Badan itu diumpamakan hiasannya
kereta. Perbuatan baik dan buruk ibarat dunia, yang berputar antara sorga dan neraka
yang disebut cakraning gilingan (roda
yang selalu berputar pada sumbunya). Atma
ibarat lembu yang menarik kereta. Bhatara
Iswara sebagai sais, menyuruh lembu itu menarik kereta, tidak mau ia tidak
melaksanakan pertintah, karena itu pelayan yang seorang akan kepayahan.
2.10 Nadi
dan Dasa Wayu
Ada sepuluh Nadi
besar, seperti : Ida, Pinggala, Sumsumna,
Gandhari, Hasti, Jihwa, Pusa, Alambusa, Kuhu, Sangkhini, itulah kesepuluh
nadi besar itu. Dari kesepuluh ada tiga yang paling utama yaitu : Ida
adalah tenggorokan kanan. Pinggala
adalah tenggorokan kiri. Sumsumna
adalah tenggorokan tengah.
Semua Nadi
itu sama-sama berisi Wayu (daya
hidup), sepuluh banyaknya yaitu : Prana,
Apana, Udana, Wyana, Naga, Kurma, Krkara, Dewadatta, Dhananjaya. Adapun
penjelasan sebagai berikut:
Daya hidup yang disebut prana ada pada mulut dan hidung, fungsinya untuk bernafas, pada
dada bawahnya, ia menggerakkan daya hidup (wayu)

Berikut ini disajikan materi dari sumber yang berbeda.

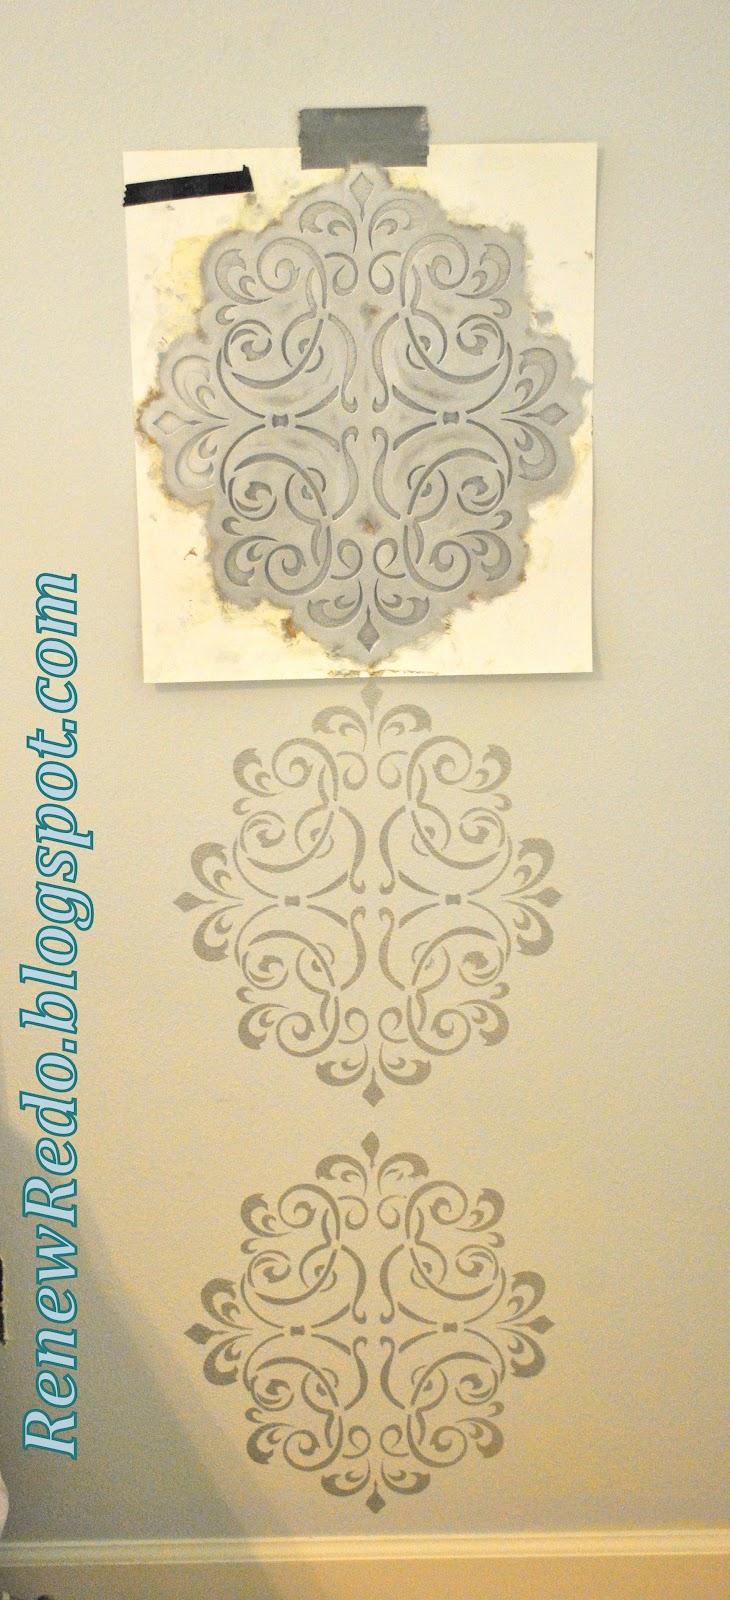 Rub n\' Buff Wall Stencil ~ How To   Home DIY Ideas
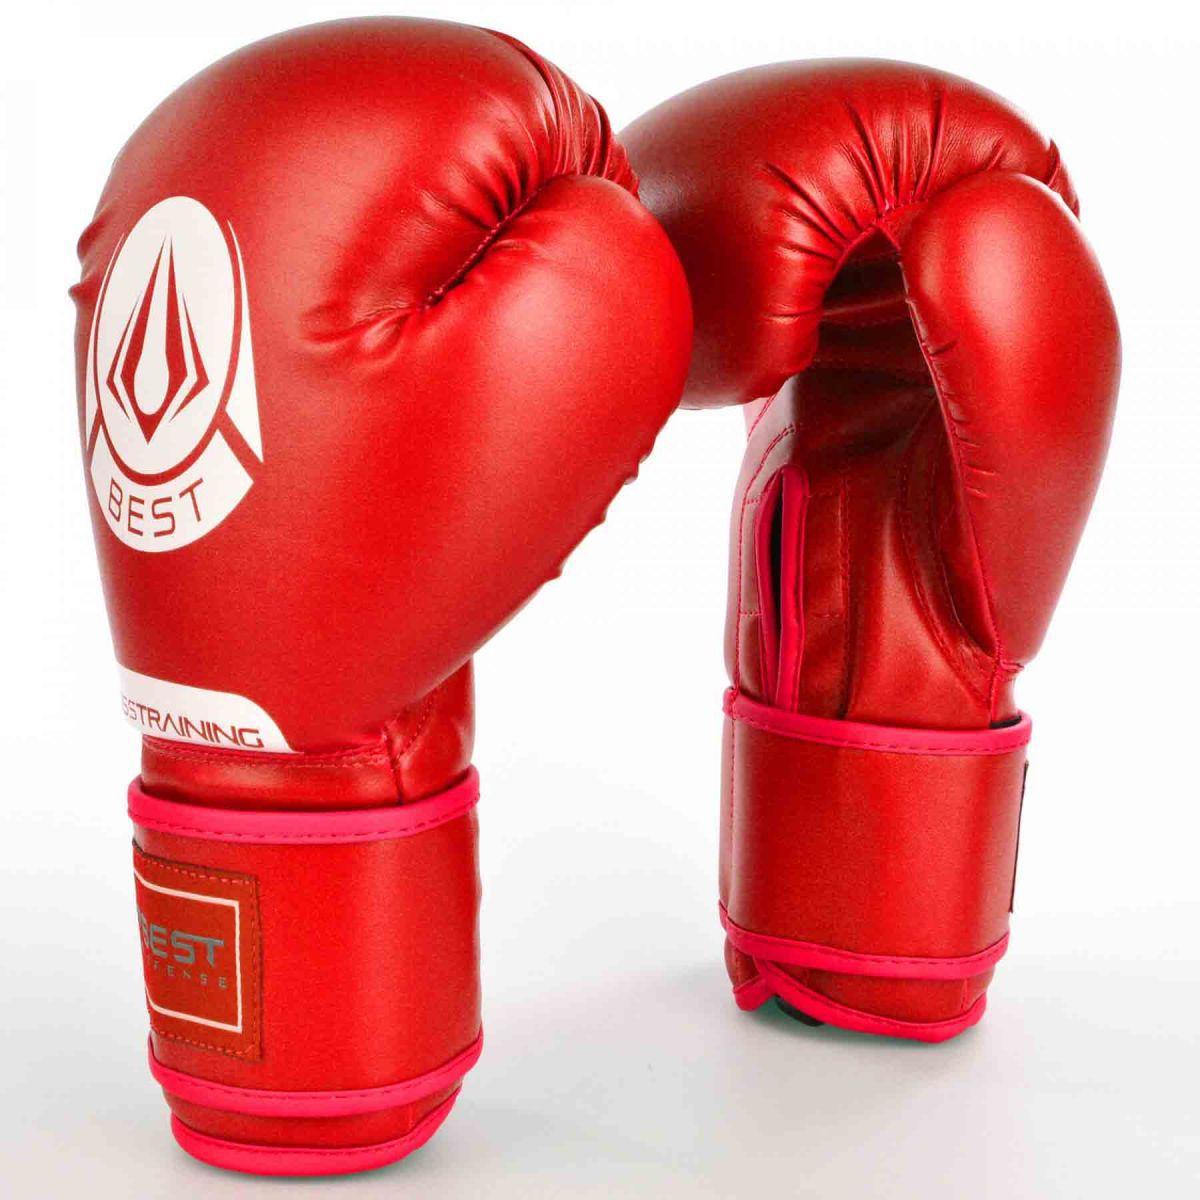 Luvas Boxe / Muay Thai - Cross Trainning- Best Defense - Vermelho - 10/12/14OZ .

seluruhnya. Samana berada pada hati,
fungsinya di sana mengolah sari-sari yang dimakan menjadi empedu. Udana berada pada ubun-ubun, fungsinya
di sana adalah membuat berkedipnya mata dan berkerutnya dahi serta menumbuhkan
rambut. Wyana ada pada seluruh
persendian, fungsinya di sana menjadikan berjalan, melambat, memegang,
menggerakkan semua persendian pada badan dan membuat lupa, marah dan usia tua. Naga fungsinya menyemburkan. Daya hidup Kurma membuat gemetar. Sedangkan Krkara adalah daya hidup yang membuat
besin, Dewadatta membuat menguap, Dhananjaya membuat suara. Inilah yang
disebut dengan Dasa Wayu.
Apabila kita
pengikatnya, itu sebabnya atma dengan
damai mengembara ke dunia lain, mana yang disebut dengan dunia lain adalah Pancapada (lima dunia) yang mana
merupakan stananya atma pada saat
berwujud. Ada yang disebut Jagrapada, Swapnapada,
Susuptapada, Turyapada dan Turyantapada. Pada adalah dunia atau tempat
berstananya atma yang lima jumlahnya,
karena itu disebut Pancapada. Jagrapada artinya terjadi, tiada
terhingga keterjagaannya, saat demikian atma
menjadi jelas terlihat dan dapat dirasakan. Adapun Swapnapada adalah tidak jelas bagaikan Maya (bayangan) yang ada dalam air, bila tenang airnya maka akan
tampaklah bayangannya, bila bergolak airnya maka bayangannya itu tidak jelas
dilihat. Demikian atma itu tidak akan
jelas, karena segala pada (stana) sama dengan atma. Sang Taijasa namanya
bila demikian. Apabila dalam Susuptapada,
tatkala tidur nyenyak, keadaan sepi itu, tidak berkesadaran, Nirwana, Nisprakamya, tak tampak dan
tidak terpikirkan susuptapada itu.
Demikianlah atma hilang kesadarannya bercampur dengan Acetana, tidak berkesadaran, lupa sebagai sifatnya.
2.11 Sadangga
Yoga
Dalam Wrhaspati Tattwa sloka 53 disebutkan ada
enam cabang yoga, yang disebut dengan sadangayoga.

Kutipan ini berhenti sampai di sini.